In the 1960s and 1970s the plan to restore the desolate walls matured. To preserve the castle ruins, extensive restoration measures were carried out on the walls, which were in danger of collapsing, between 1979 and 1984. The costs for this were borne by the State Monument Office of Baden-Württemberg, the municipality of Schwieberdingen, the current owner, Count Leutrum, and the district of Ludwigsburg. Today the ruins of Nippenburg Castle are a popular destination for excursions.

== Legends and Sagas ==
The Nippenburg, a medieval castle situated in the Glemstal valley, has been surrounded by an array of sagas and legends. According to one such legend, a past battle fought in the marshy terrain of the Glemstal valley resulted in every warrior being lost to the moor.

The knight Christoph von Hemmingen came to Nippenburg and wooed the only daughter of a resident knight there. von Hemmingen courted the daughter and later married her, however one night the young bride was unable to locate her home and tragically became lost in a bog on her journey. Despite her cries for help, no one was able to rescue her and her whereabouts were only discovered the following day with the only remnant of her being a handkerchief. Grief-stricken, Christoph von Hemmingen enlisted in the emperor's army in order to distract himself from the tragedy. Unfortunately, even during the war, he was unable to forget his young bride and the terrible misfortune.

Following his completion of military service, it is said that Christoph von Hemmingen entered a monastery where he devoted his life to naturopathy. In his latter years he returned to the area of his great love but few people recognised him, as many decades had passed and only a few people remained who remembered the events of that time. However, word of his presence spread among the people, who began to seek him out for cures to their various ailments. In return, they brought him food and drink, and worshipped him as a saint. With their assistance, a small church was constructed below the Nippenburg. One morning, when someone knocked on his door, all was quiet; he had died in his hut. Upon discovery of his body, a golden cross was found under his habit, inscribed with the words “Ritter Christoph von Hemmingen” and “Love never ends”. This location is still referred to today as the “Mohrkirchle”.

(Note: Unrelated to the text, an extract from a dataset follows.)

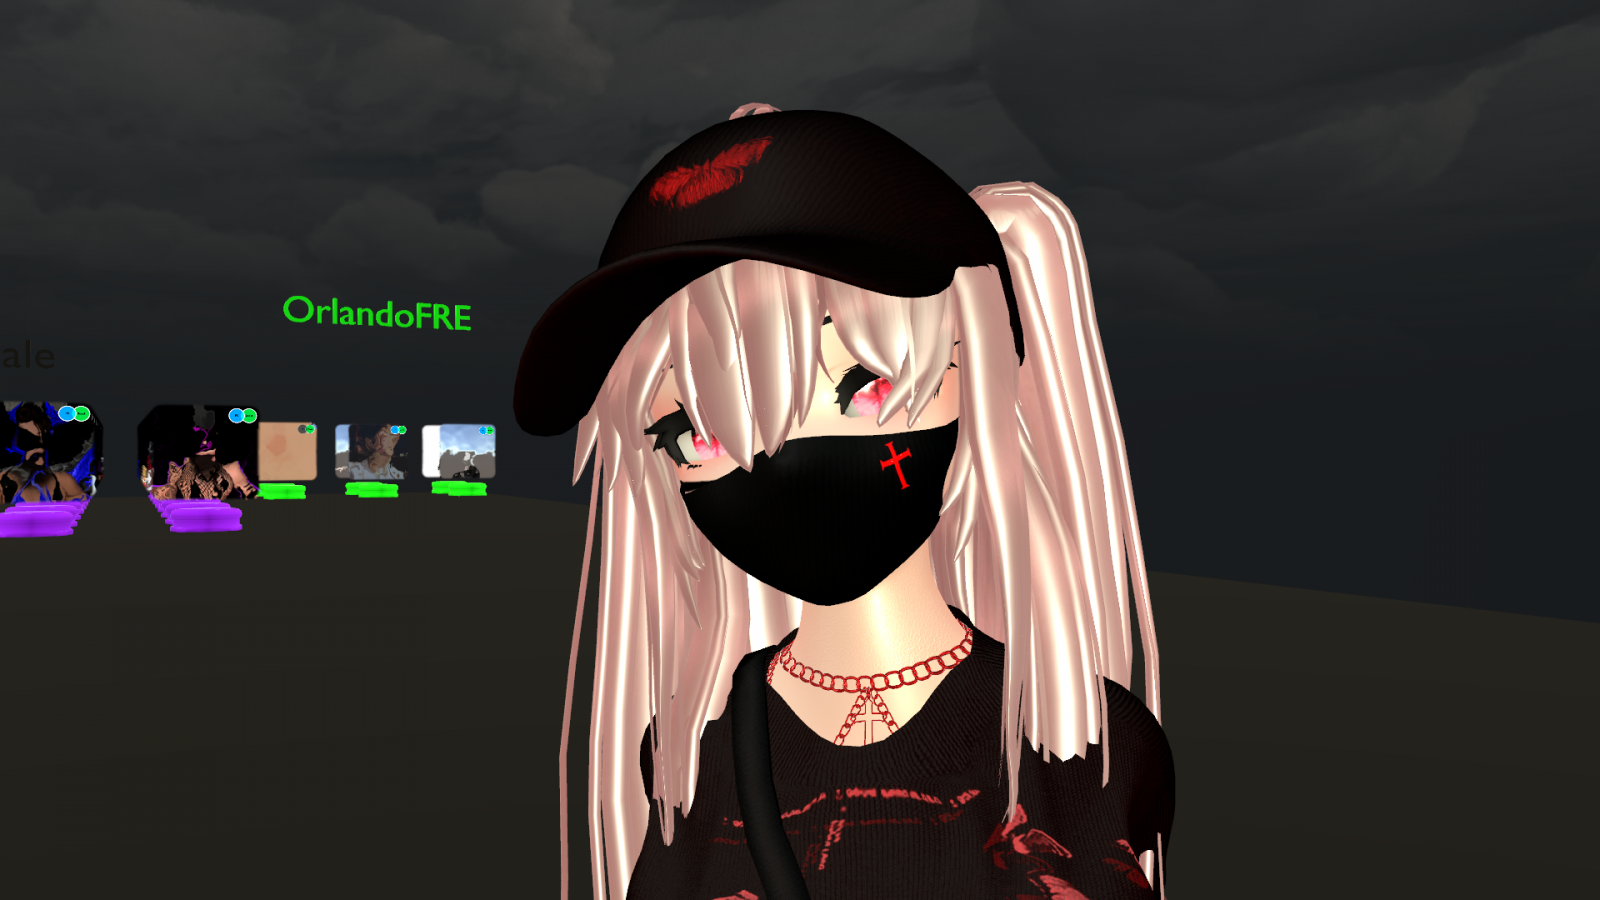 VRChat_1920x1080_2022-02-15_19-26-37.848.png

The Nippenburg is noted for its association with various ghost stories. It is said that Count Hans buried his fortune at the Nippenburg, and his spirit was said to continue to watch over it. The Schwieberdingen quarry is said to be the haunt of a headless horseman, whose horse is said to have its mane and tail plaited in pigtails by ghosts. The Nippenburg's watchtower, the Käppele, is alleged to be visited by a spirit known as the Käppelesgeist, who is said to descend from the Nippenburg to Schwieberdingen at night. It is advised to avoid travelling to Schwieberdingen at night due to these stories.